# στα τέσσερα



## Theseus (Mar 25, 2017)

The words in bold I need help with. At last the very end of the infamous article I have finished!

Όλα υποκοριστικά… ζωούλα, δουλίτσα, σπιτάκι, παιδάκια. Όλα υποκοριστικά, μη τυχόν και τα δουν και *του τα πάρουν.*

ΝΑΙ ΣΕ ΟΛΑ λοιπόν. Αλλά μη λες πως δεν σ’ αρέσει *στα τέσσερα* κι επαναληπτικώς εις αεί.

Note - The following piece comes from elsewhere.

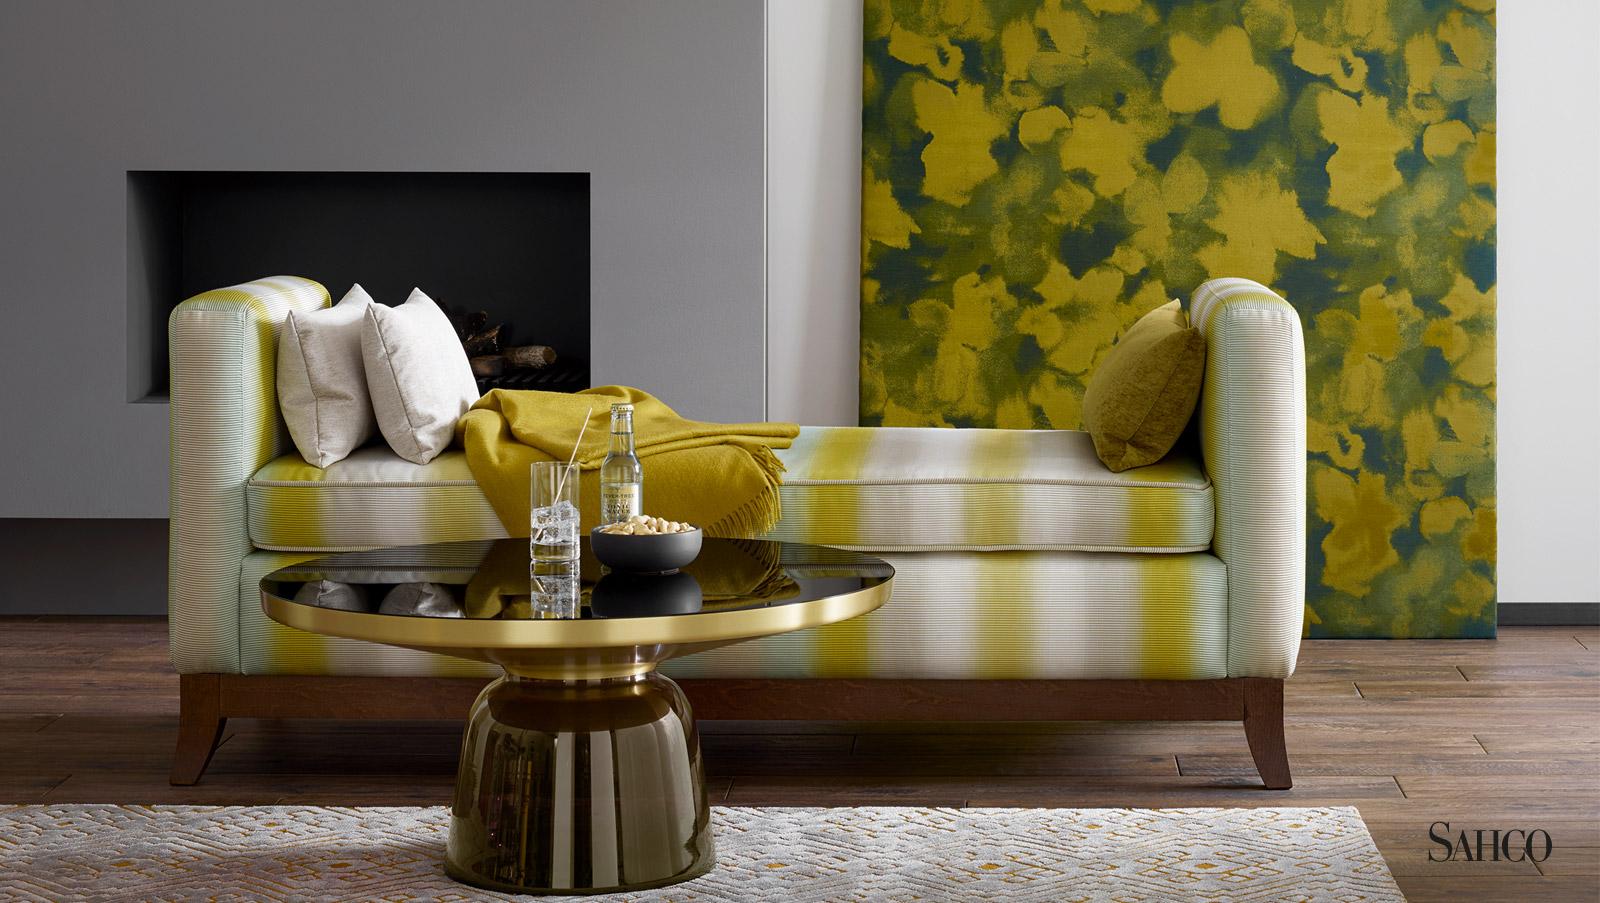 decke bespannen stoff excellent a with decke bespannen stoff cool latest druck uv gedruckt. Black Bedroom Furniture Sets. Home Design Ideas

The first του makes absolutely no sense to me. Does στα τέσσερα here mean 'when you are brought to your knees'. mg::down:


----------



## Themis (Mar 25, 2017)

Theseus said:


> The first του makes absolutely no sense to me. Does στα τέσσερα here mean 'when you are brought to your knees'.


1) from him
2) subdued (clear sexual connotation)


----------



## Theseus (Mar 25, 2017)

Να είσαι καλά, Θέμι.


----------



## daeman (Mar 25, 2017)

Theseus said:


> ...Does στα τέσσερα here mean 'when you are brought to your knees'. mg::down:



(down) on all fours, figuratively, but not in the legal sense.


----------



## Theseus (Mar 25, 2017)

Oops! I didn't think there was any sexual reference in this context....:)


----------



## SBE (Mar 26, 2017)

And of course the correct expression is:
εσαεί= for all time, forever

Another reason to avoid dodgy sites and blogs with bad grammar.


----------



## Theseus (Mar 26, 2017)

Thanks, SBE, as always for your kind but rigorous help....


----------



## SBE (Mar 26, 2017)

I also think that μη τυχόν και τα δουν και του τα πάρουν should be μη τυχόν και τα δουν και *σου* τα πάρουν. Because the text is the author addressing an imaginary person. 
So, unlike my esteemed fellow Lexilogians, I will engage and provide some context, even though we are not in the political section: 

So in the first part the author is deriding the other person for having small/ humble aspirations and expectations and wanting to live the "quiet life"- usually expressed by diminuitives. For example everyone in Greece aspires to ένα σπιτάκι, even if said house is a mansion. Earion said a couple of months ago in another discussion that this humble vocabulary is religious in origin, which I had never thought of before- I always put it down to the hypocrisy of the haves who want to appear equal to the have-not's.

In the second part the writer uses an expression that became part of the political vocabulary in Greece around the time of the article, when the deputy PM used it in parliament to describe the negotiation tactics of his predecessors and was then used by certain MPs as a war cry against those who disagreed with them, and eventually by the general public. 

Hopefully this context will give you an idea of what the ramblings of the author are about. And I shall digress with half a political comment (you can fill in the other half): Theseus, you said the other day you had not realised how bad the financial situation was in Greece. I hope you can now see that the financial problem is not the most serious problem, because it will some day go away.


----------



## Theseus (Mar 26, 2017)

Thanks, SBE. I can guess the other half.mg::huh:


----------



## Earion (Mar 29, 2017)

SBE said:


> Earion said a couple of months ago in another discussion that this humble vocabulary is religious in origin, which I had never thought of before.



Me neither! mg: Where? When?


----------



## SBE (Mar 29, 2017)

Νομίζω σε συζήτηση για το ότι οι Έλληνες μια ζωή λένε ότι δεν πανε καλά και ας τα λέμε καλά κλπ.


----------